We adhere to a strict “Trust but Verify” doctrine. Synthetic data is dangerous if it drifts from reality; every run must be explainable and reproducible.

  • Venue-specific funding models live in src/aleatoric/venues/* with tests (tests/test_venues_models.py).
  • Presets (src/aleatoric/presets.py) encode starting parameters; adjust manifests for your venue deltas and rerun with fixed seeds.
  • Use /mcp/simulate_funding_regime to compare funding paths before committing to a manifest.

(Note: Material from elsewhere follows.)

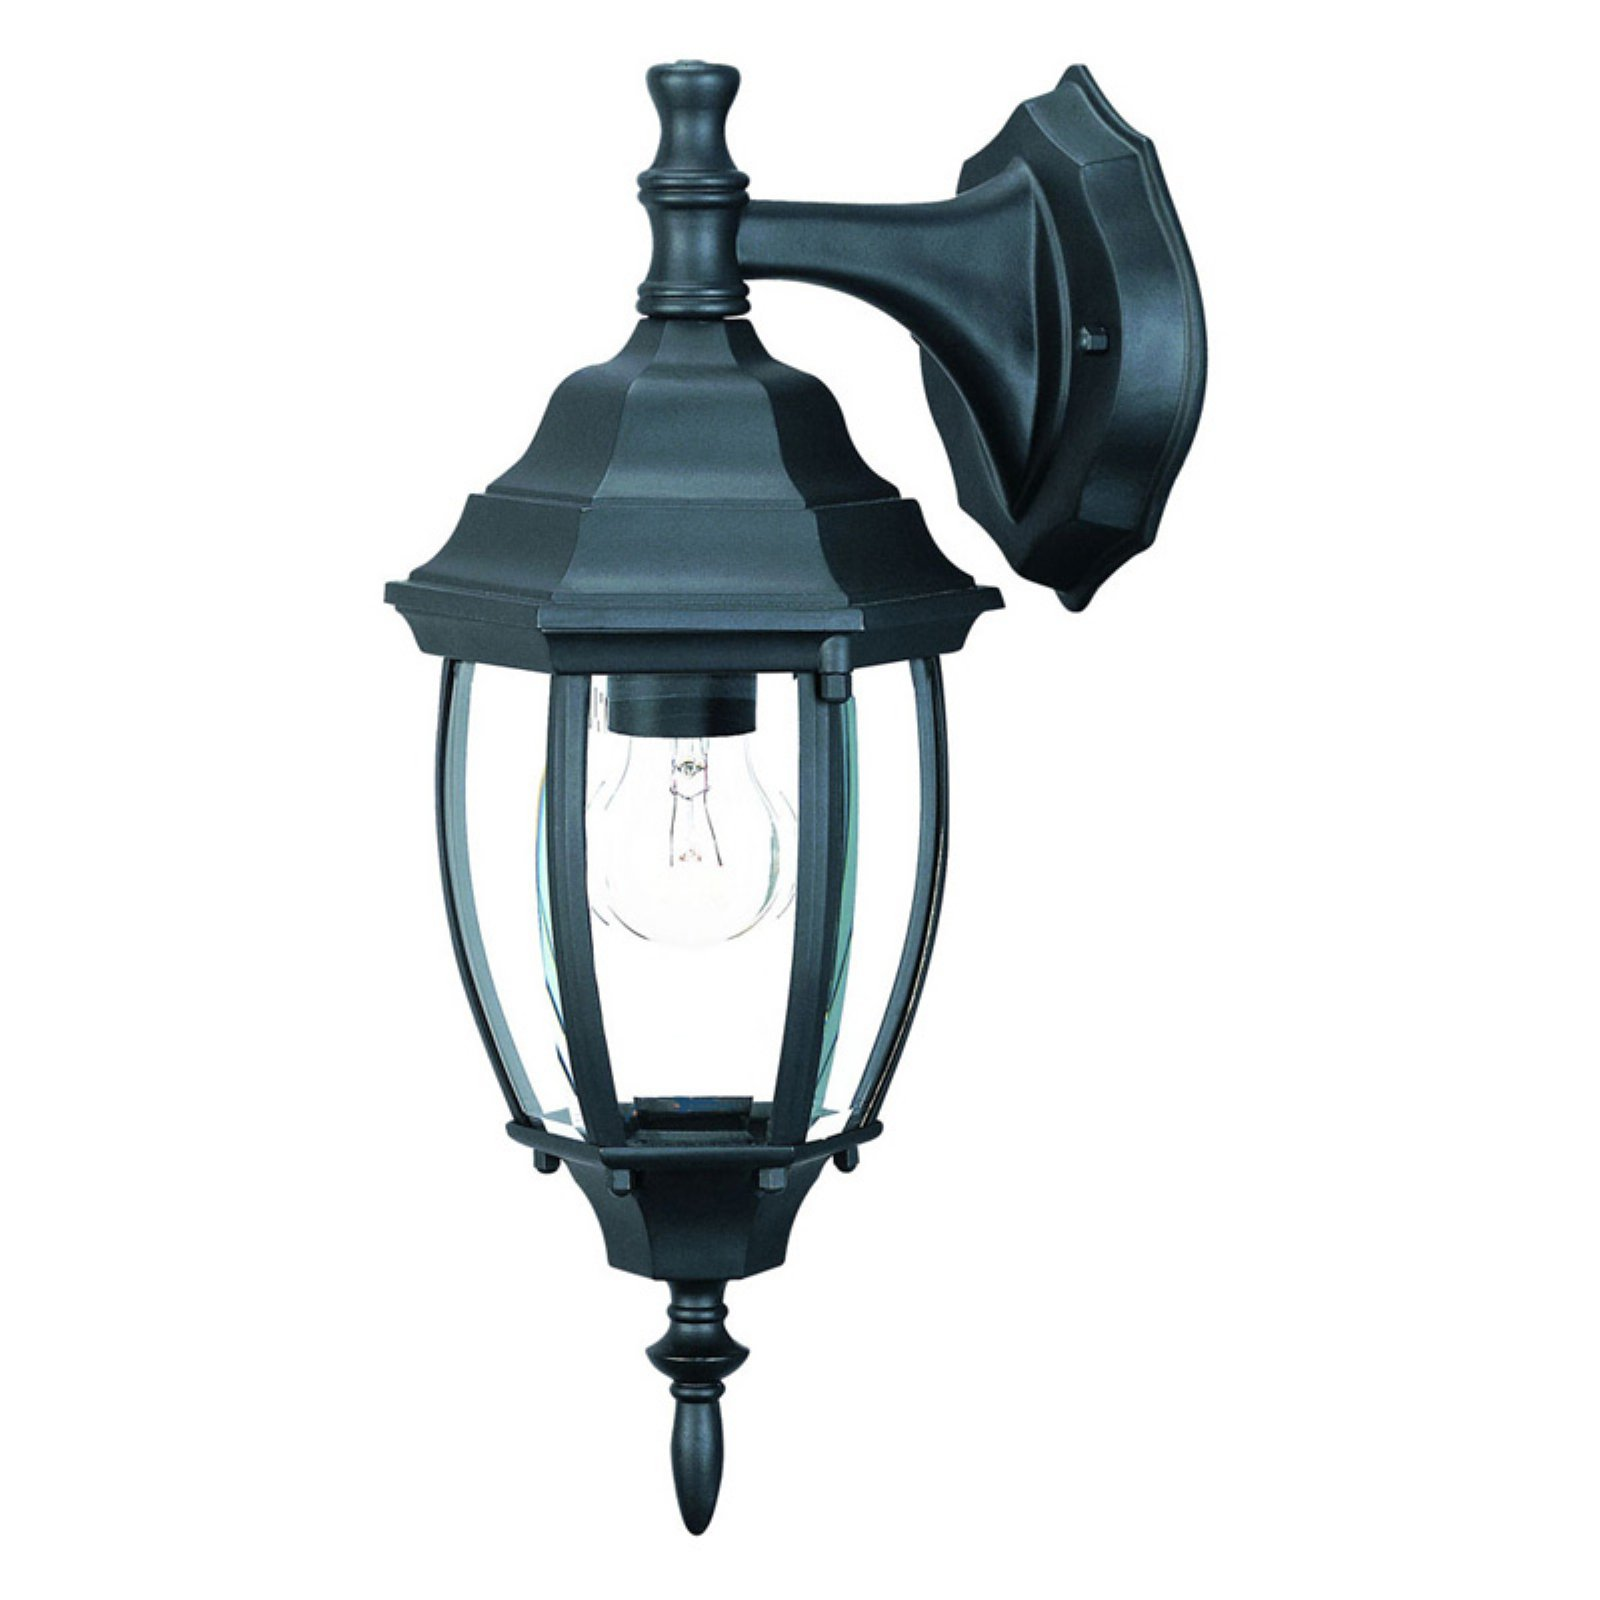 Acclaim Lighting Wexford 1 Light Outdoor Wall Mount Light Fixture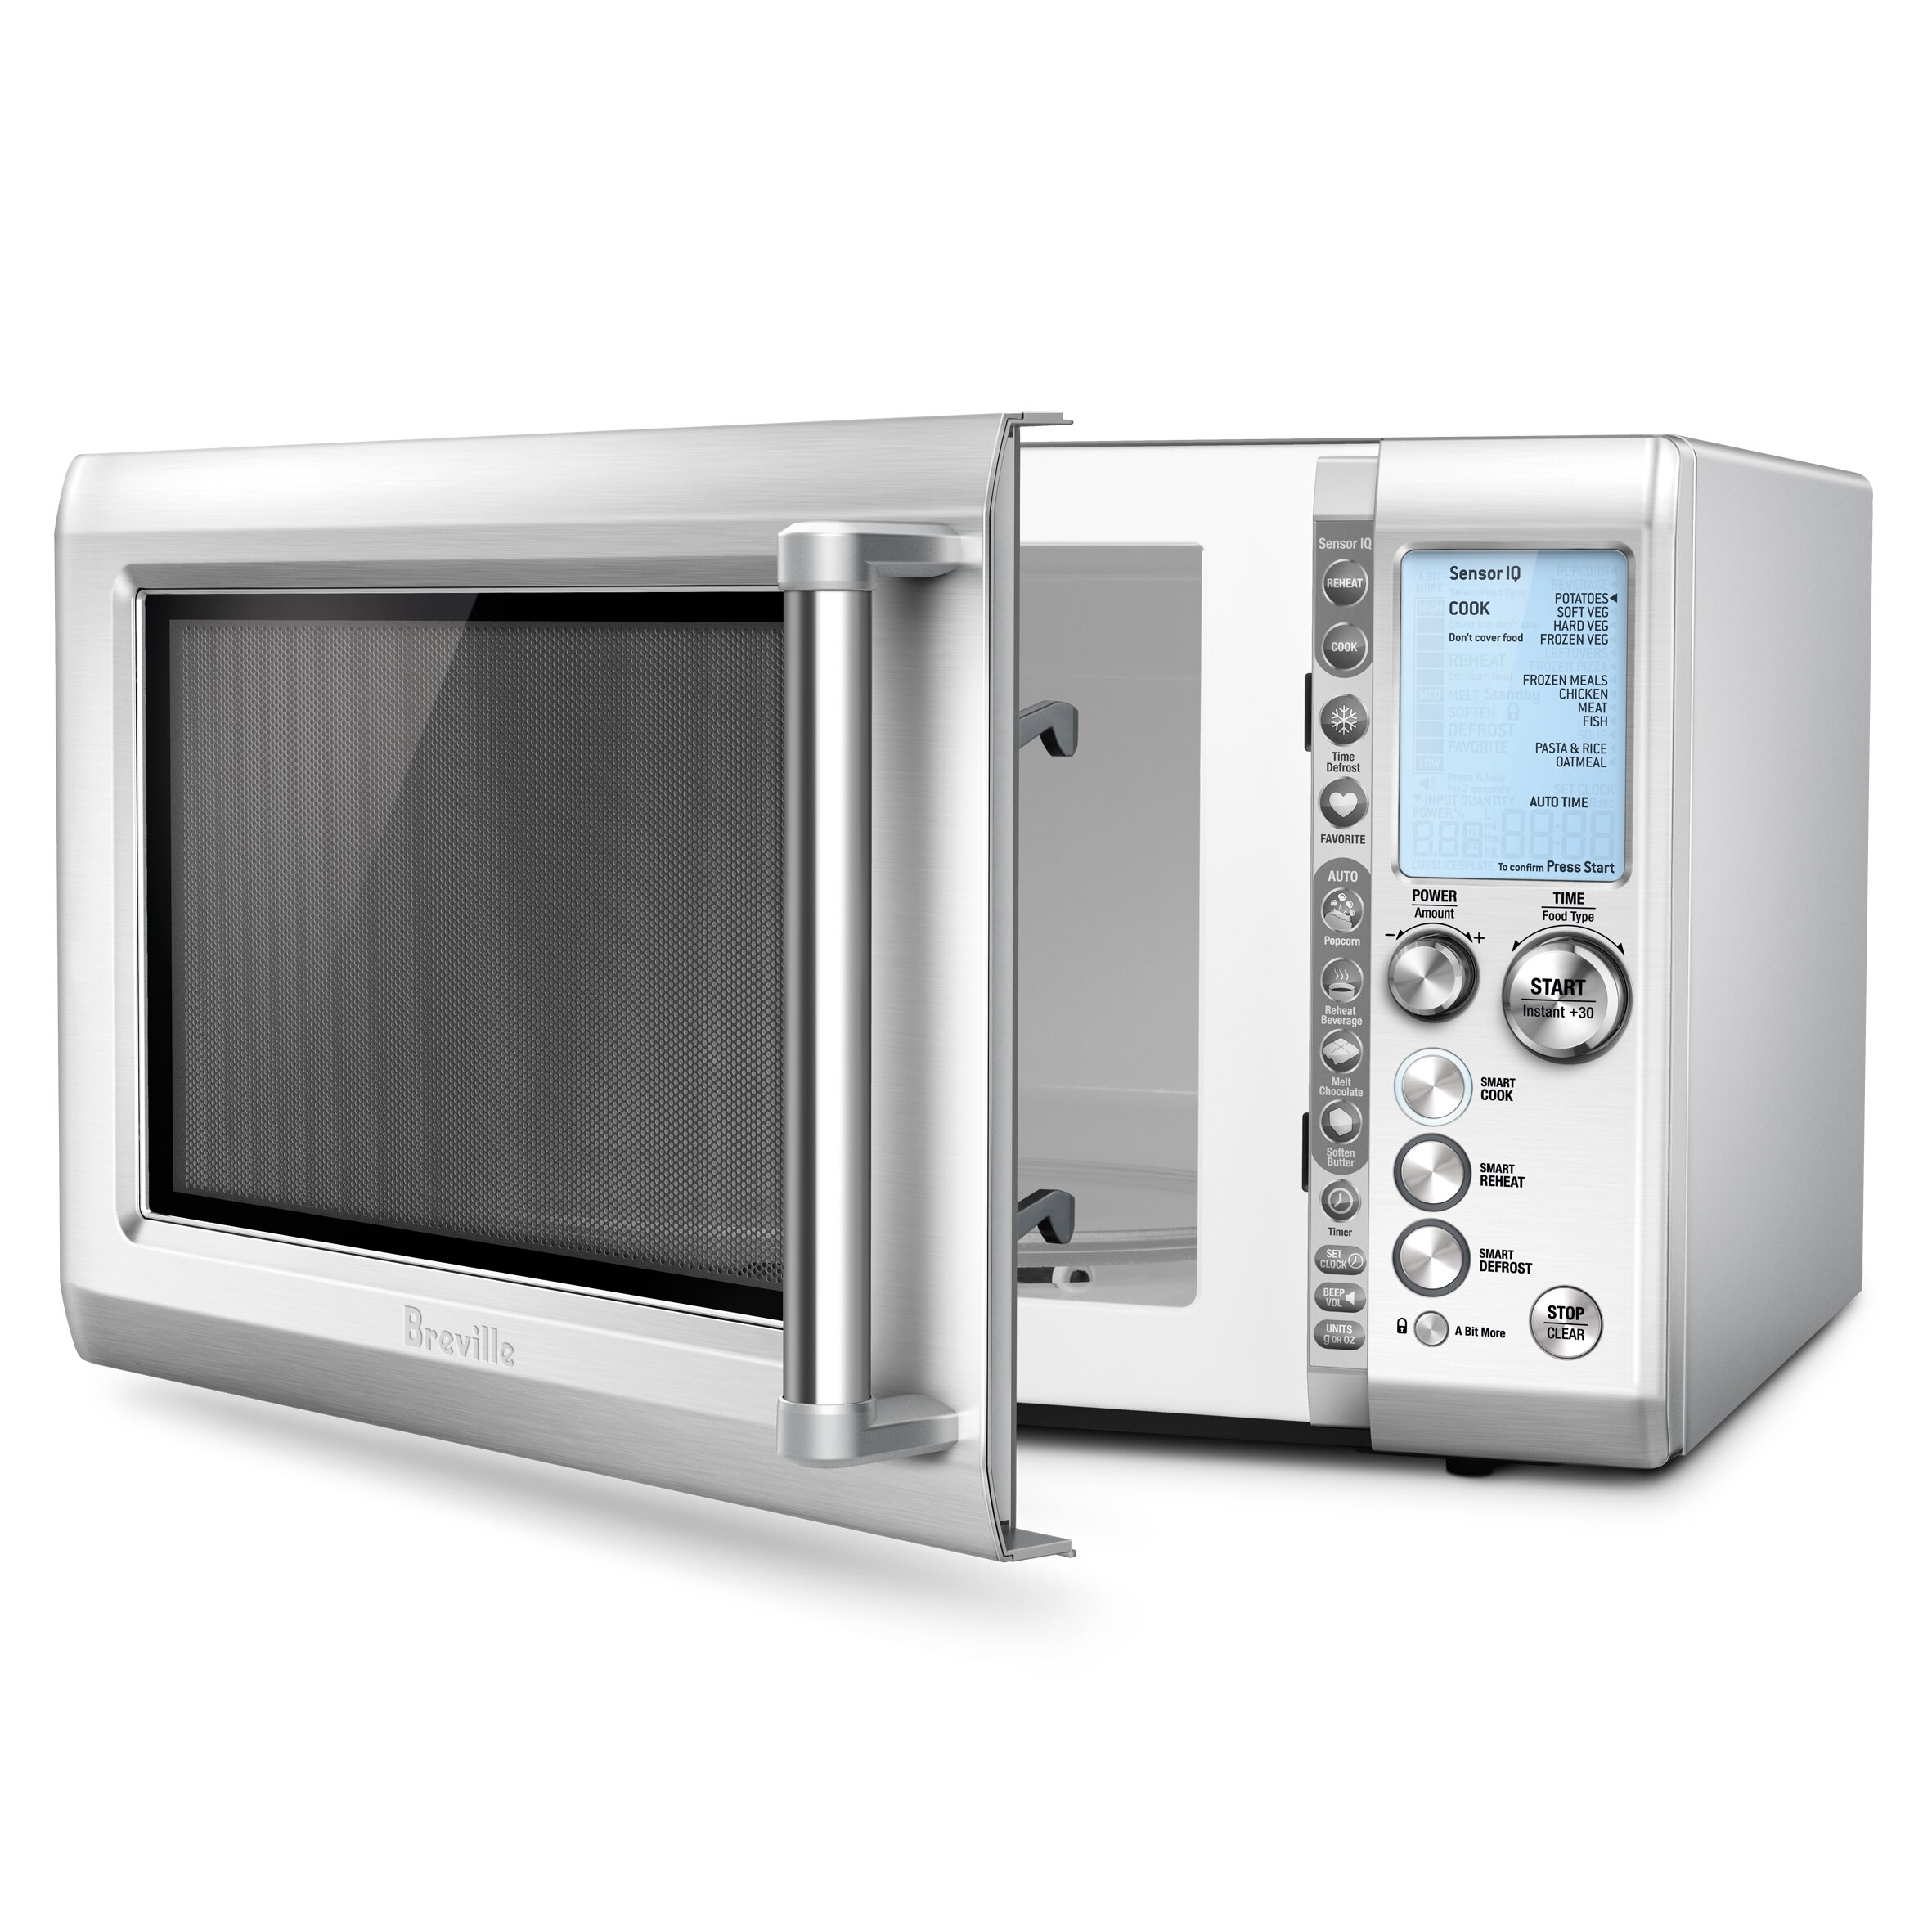 Breville 1 2 Cu Ft 1100w Microwave Amp Reviews Wayfair

Suggested checks when comparing against live data (not automated in repo):

  • KS-Test (Kolmogorov–Smirnov): Verifies that the distribution of synthetic returns matches the distribution of historical returns.
  • Autocorrelation: Ensures that volatility clustering (periods of high/low vol) mimics real markets.
  • Hurst Exponent: Verifies the “memory” of the time series (trending vs. mean-reverting).
  • Regression coverage is documented in validation/VALIDATION_REPORT.md (158 tests, 82% coverage).
  • Determinism and manifest/schema parity are enforced in tests/test_determinism.py and tests/test_mcp_manifest_parity.py.
  • Audit logs and metrics include job_id, seed, and preset for traceability (api/audit.py, observability.py).
  • Coverage snapshot reflects the report timestamp (2025-12-10); refresh these numbers when rerunning the suite.